§ **Given data**:
..........

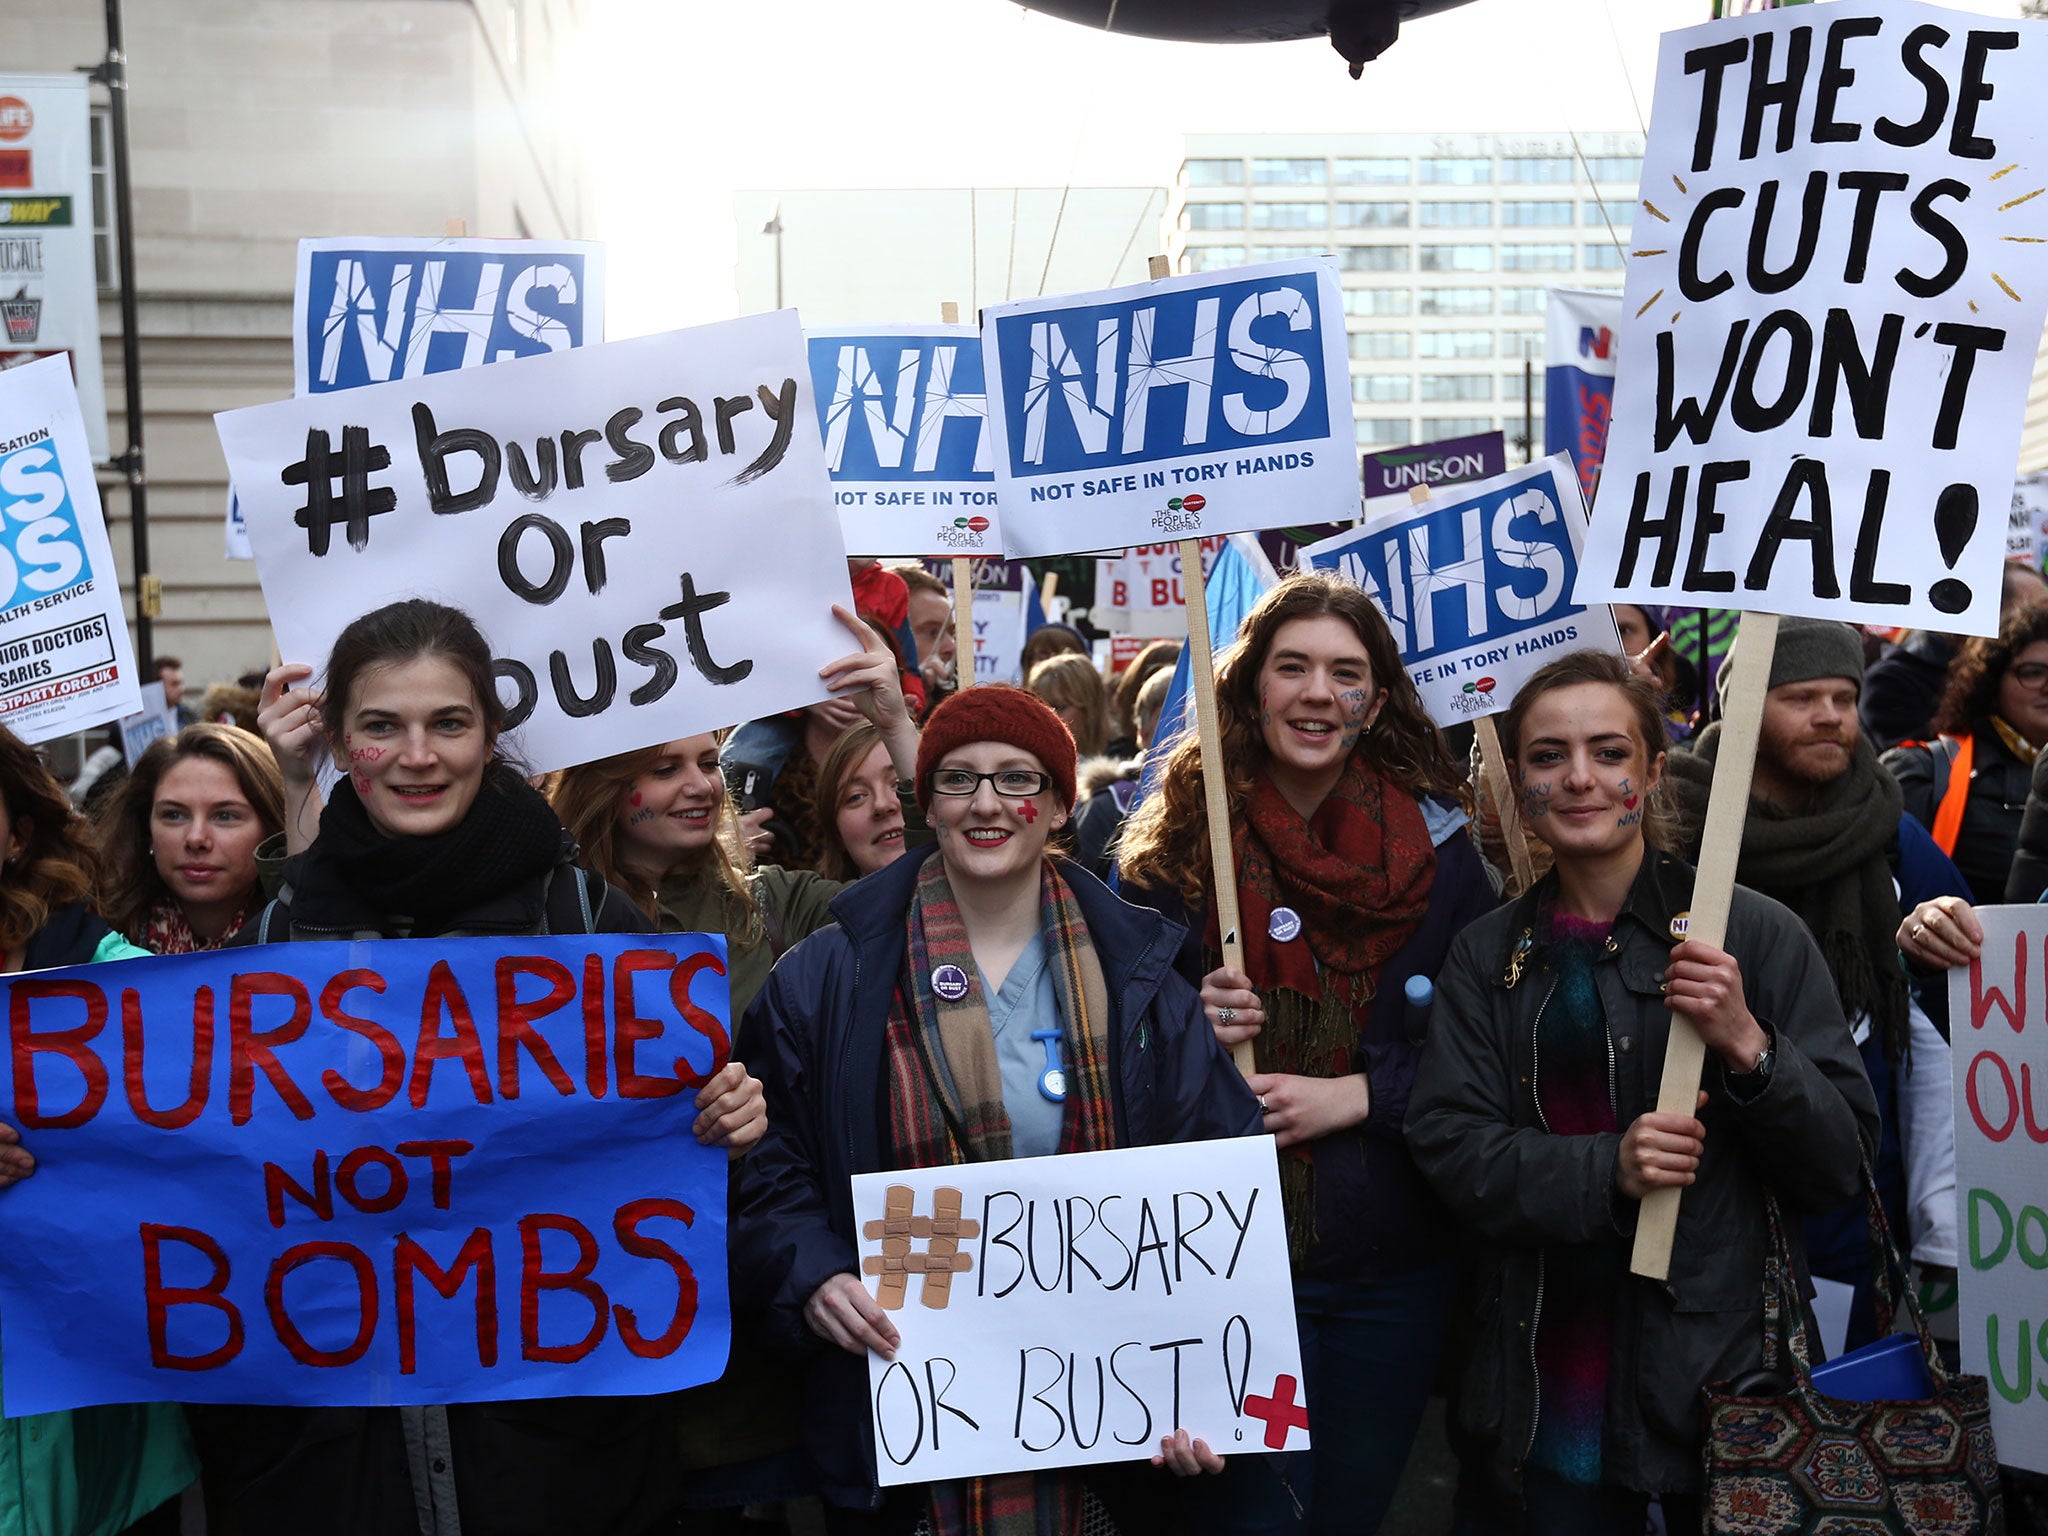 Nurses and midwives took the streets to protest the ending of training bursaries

..........

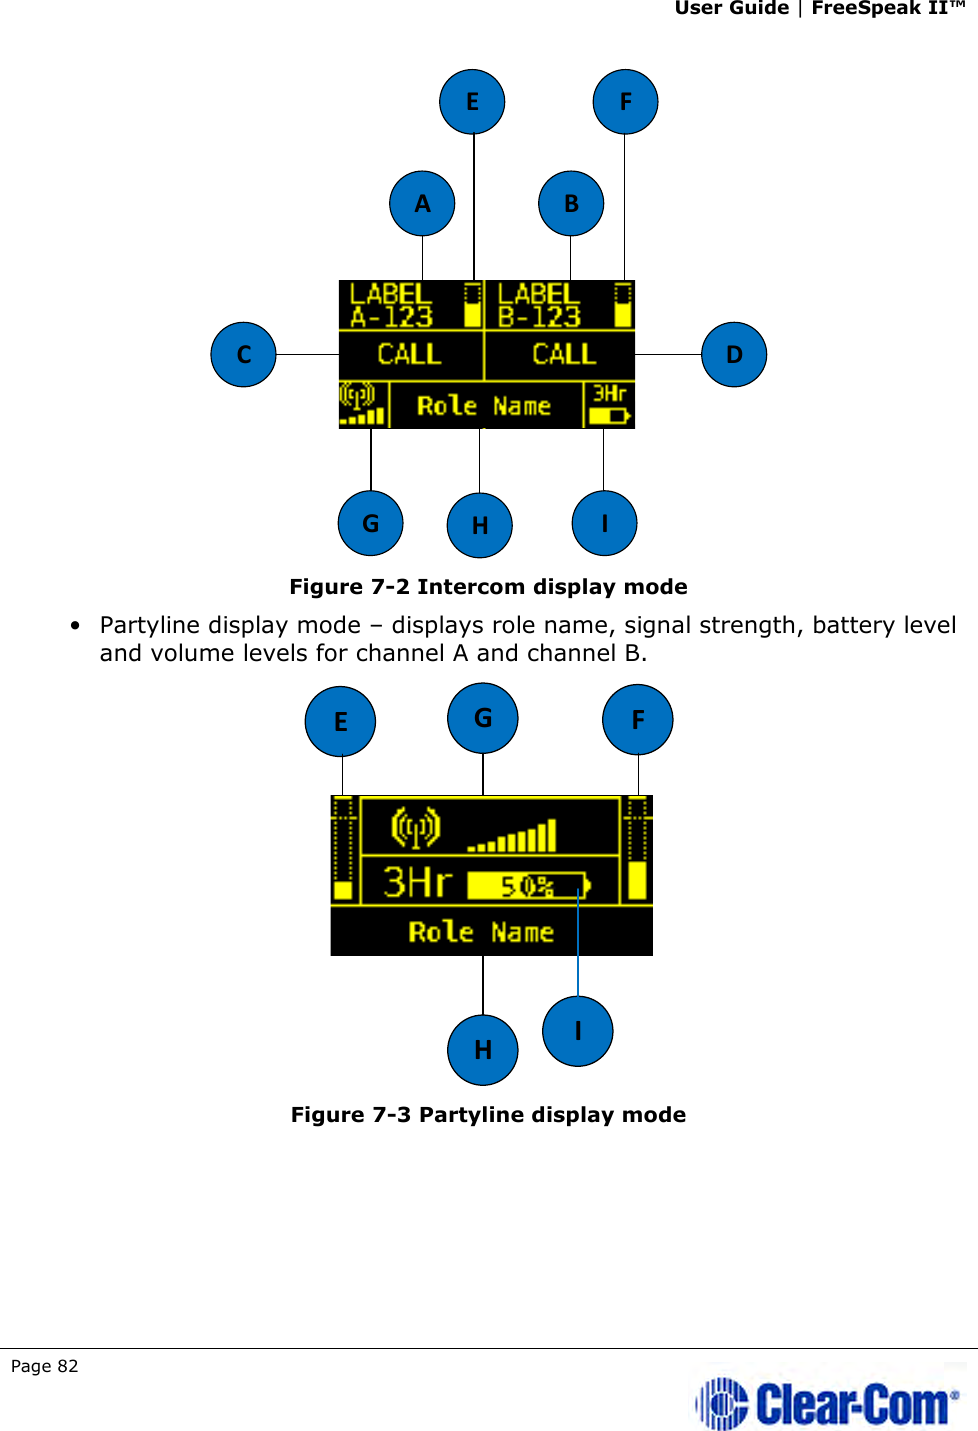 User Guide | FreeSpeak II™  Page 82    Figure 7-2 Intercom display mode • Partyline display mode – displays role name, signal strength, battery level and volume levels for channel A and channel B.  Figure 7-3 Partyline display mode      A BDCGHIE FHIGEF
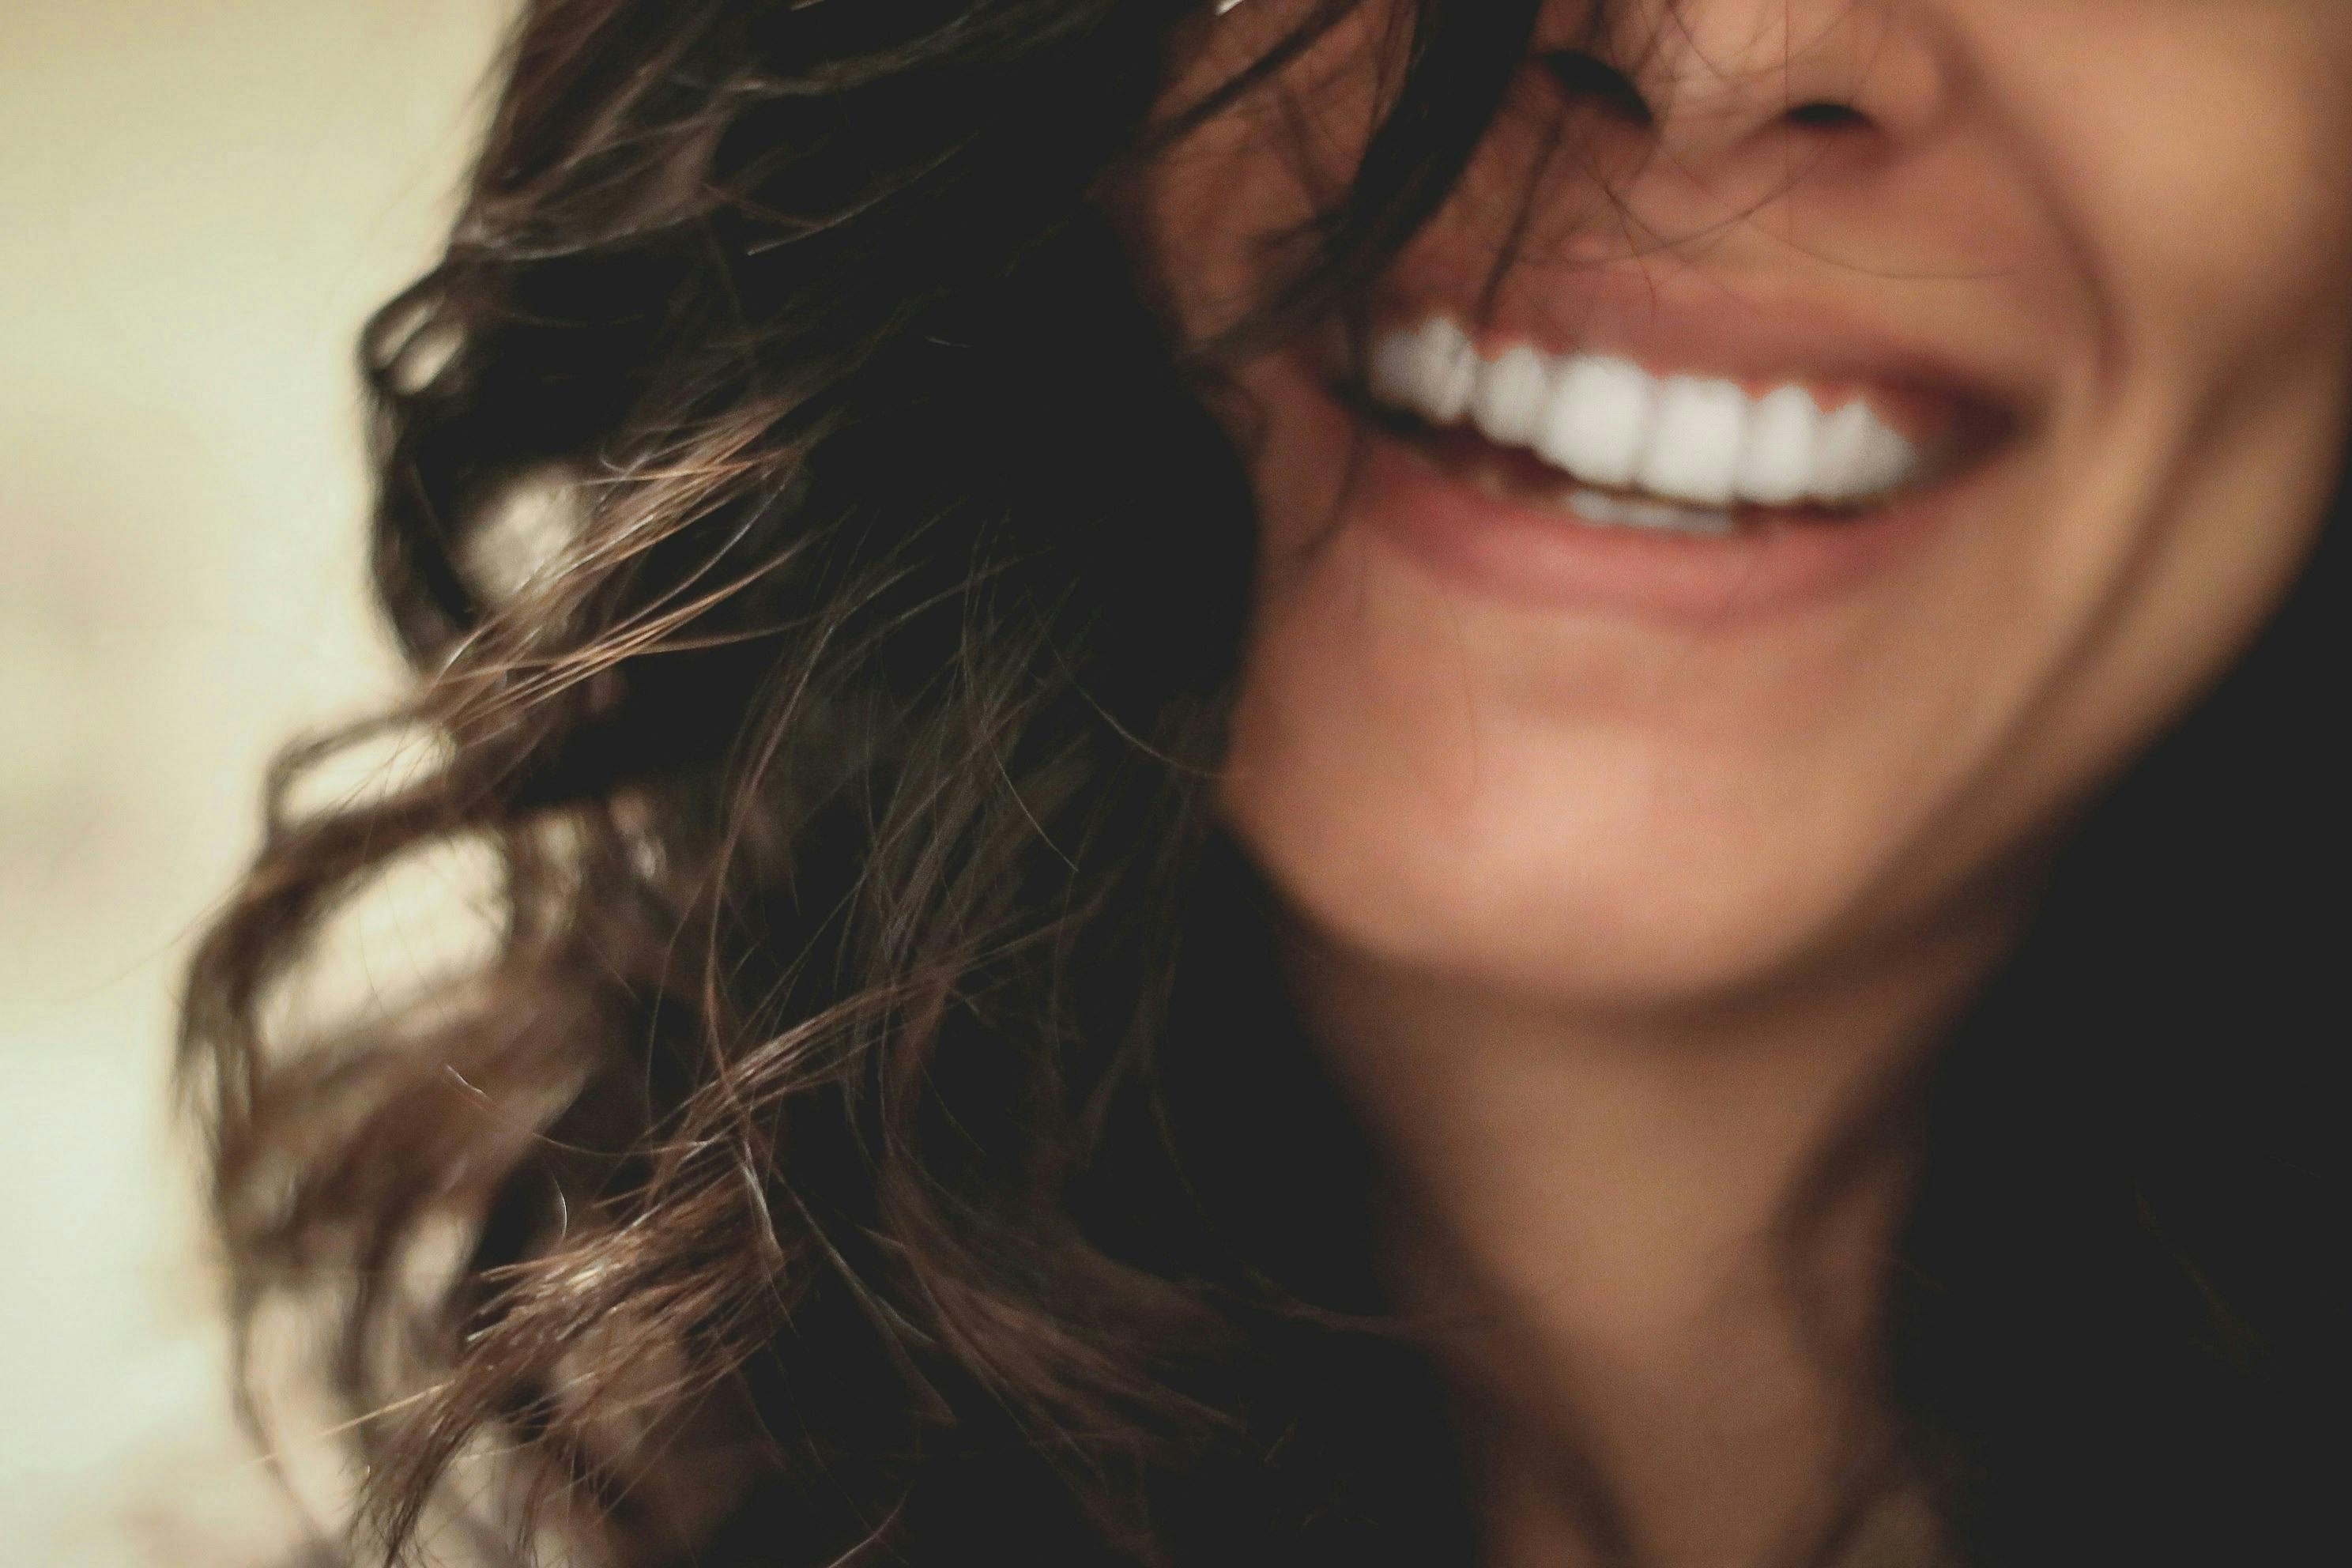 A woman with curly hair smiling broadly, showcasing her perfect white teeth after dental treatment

..........

§ **Task requirements**:
Without the pictures, set down the lines above from the line with "User Guide |" up to and including the line with "A woman with" exactly as they stand.

§ **Solution to this task**:
 User Guide | FreeSpeak II™  Page 82    Figure 7-2 Intercom display mode • Partyline display mode – displays role name, signal strength, battery level and volume levels for channel A and channel B.  Figure 7-3 Partyline display mode      A BDCGHIE FHIGEF
 A woman with curly hair smiling broadly, showcasing her perfect white teeth after dental treatment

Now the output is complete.